On Thu, 20 Dec 2012, Gershom Bazerman
On 12/20/12 10:05 PM, Jay Sulzberger wrote:
What does the code for going backwards looks like? That is, suppose we have an instance of Category with only one object. What is the Haskell code for the function which takes the category instance and produces a monoid thing, like your integers with 1 and usual integer multiplication? Could we use a "constraint" at the level of types, or at some other level, to write the code? Here by "constraint" I mean something like a declaration that is a piece of Haskell source code, and not something the human author of the code uses to write the code. instance C.Category k => Monoid (k a a) where mempty = C.id mappend = (C..)

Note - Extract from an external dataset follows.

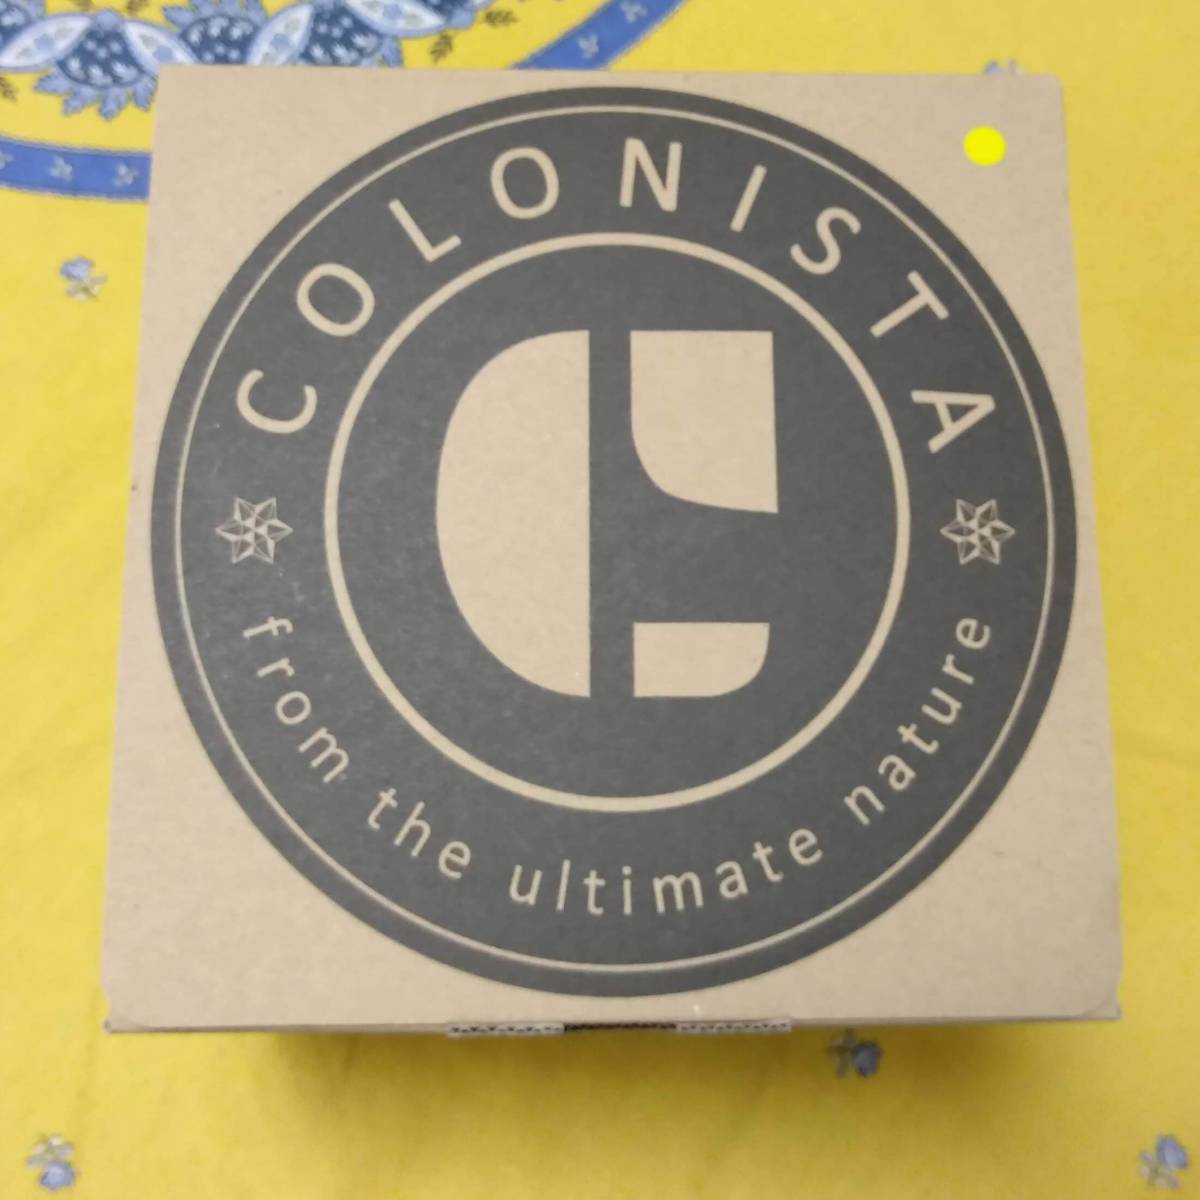 超歓迎 COLONISTA LEDランタンシェード Yellow コンペイトウ CONPE10 コロニスタ その他

The above gives witness to the fact that, if I'm using the language correctly, if we choose any object (our "a") in any given category, this induces a monoid with the identity morphism as unit and composition of endomorphisms as append.
The standard libraries in fact provide this instance for the function arrow category (under a newtype wrapper):
newtype Endo a = Endo { appEndo :: a -> a }
instance Monoid (Endo a) where mempty = Endo id Endo f `mappend` Endo g = Endo (f . g)
--Gershom
Thanks, Gershom! I think I see. The Haskell code picks out the "isotropy/holonomy" monoid at the object a of any Haskell Category instance. actual old fashioned types remark: To get the holonomy semigroup^Wmonoid, interpolate a functor. I am glad that Haskell today smoothly handles this. ad paper on polymorphisms: I hope to post a rant against the misleading distinction between "parametric polymorphism" and "ad hoc polymorphism". Lisp will be used as a bludgeon in the only argument in the rant. The Four Things Which Must Be Distinguished will perform the opening number. oo--JS.